Strategy
UK Eyes Regulatory Set-Up To Defend City Post-Brexit - Report

The departure from the EU and the regulatory structures involved puts the UK under pressure to stay competitive to make up for the migration of money into the remaining 27 member states. The UK government says it is reviewing rules that might hamper the City.
The UK government intends to review regulations of financial
markets to keep the sector competitive after Brexit, coming at a
time when there have been concerns of an exodus of assets into
the European Union.
Economic Secretary to the Treasury John Glen told Bloomberg last
week that the government will continue overhauling rules covering
initial public offerings and fintech firms. It is also preparing
to consult businesses on “detailed proposals for wider reform to
the capital markets” in the summer, he is quoted as saying. The
review will look at changes to market structure, transparency
rules, as well as commodities. The aim is to reduce costs and
burdens for firms while maintaining high standards of regulation,
he added.
As this news service has noted recently, more than a quarter (26
per cent and 57 out of 222) of UK financial services firms have
articulated the negative financial impact Brexit is having or
will have on their business. There remains debate over the extent
to which Brexit will hurt the UK financial service sector (the UK
trade pact with the EU, agreed at the very end of 2020, did not
address financial services in detail). Late in 2020, the fund
administration
industry in Luxembourg played down threats to the UK when it
spoke to this publication. The EY Financial Services Brexit
Tracker shows that 43 per cent of financial services firms say
they have moved or intend to shift some operations and/or staff
from the UK to Europe. To date, a total of almost £1.3 trillion
($1.8 trillion) of financial assets have moved to the EU.

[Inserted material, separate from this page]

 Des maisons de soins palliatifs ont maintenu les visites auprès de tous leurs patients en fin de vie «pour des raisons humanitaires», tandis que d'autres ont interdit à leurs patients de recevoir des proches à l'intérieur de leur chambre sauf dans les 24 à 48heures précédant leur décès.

Glen reportedly said that any changes will be to minimise the
burden on market participants, but “without undermining the high
standards and the integrity of our market and our market
reputation.”
Brexit, and the fact that the EU and UK haven’t yet hammered out
a financial services deal, means that London and the wider
country has to re-think what its value proposition is
internationally. The benefits of English as an international
business language, English common law, political stability and a
timezone straddling Asia and the Americas remain important
advantages. But with taxes rising in the UK and certain other
countries to cope with the pandemic’s massive cost, jurisdictions
are under pressure to prove their appeal. Lawyers have also told
WealthBriefing that the UK’s relative speed in rolling
out vaccines has been a plus in encouraging HNW immigrants to
enquire about entering the country.
In December 2020, New City
Initiative, which comprises 46 asset management firms from
the UK and continental Europe, managing approximately £500
billion ($668 billion), set out a number of ideas that
policymakers should adopt to promote London’s financial sector.

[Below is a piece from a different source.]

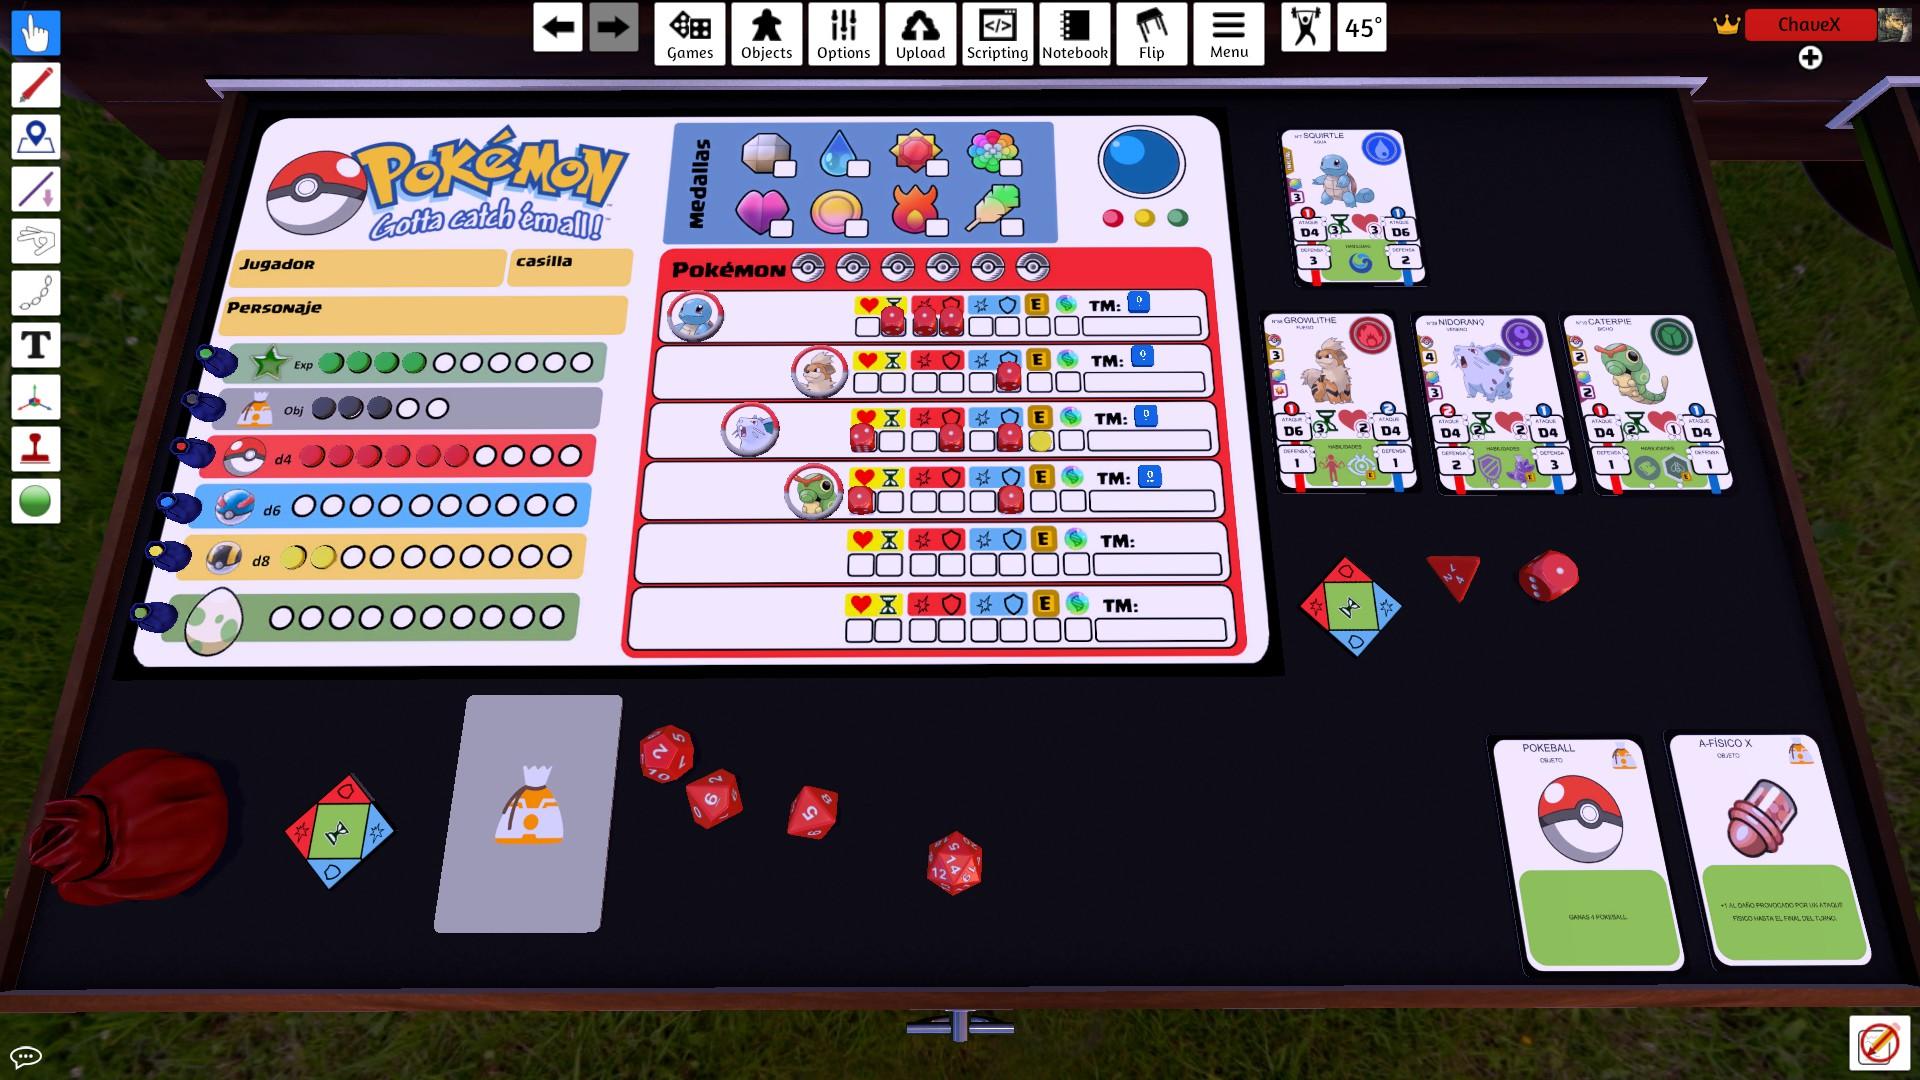 Nebrall Steam WorkshopPokémon Steam Nebrall Steam WorkshopPokémon Games Games WorkshopPokémon SpUqzMVG

At present, structures such as the European Union’s UCITS regime
and its Alternative Investment Funds model, are established
investment industry features. UCITS funds can be bought and sold
across national borders without separate local registrations.
Following the UK’s departure from the European Union, it needs to
reconsider how it taps into international fund markets.
A study by NCI says that the UK should make use of the Mutual
Recognition of Funds scheme operated in Hong Kong, and regulators
should examine other mutual recognition programmes in other
markets, such as those of mainland China. The UK should also sign
at least one or both of the Asia Region Funds Passport (ARFP) or
ASEAN Collective Investment Scheme (CIS) systems.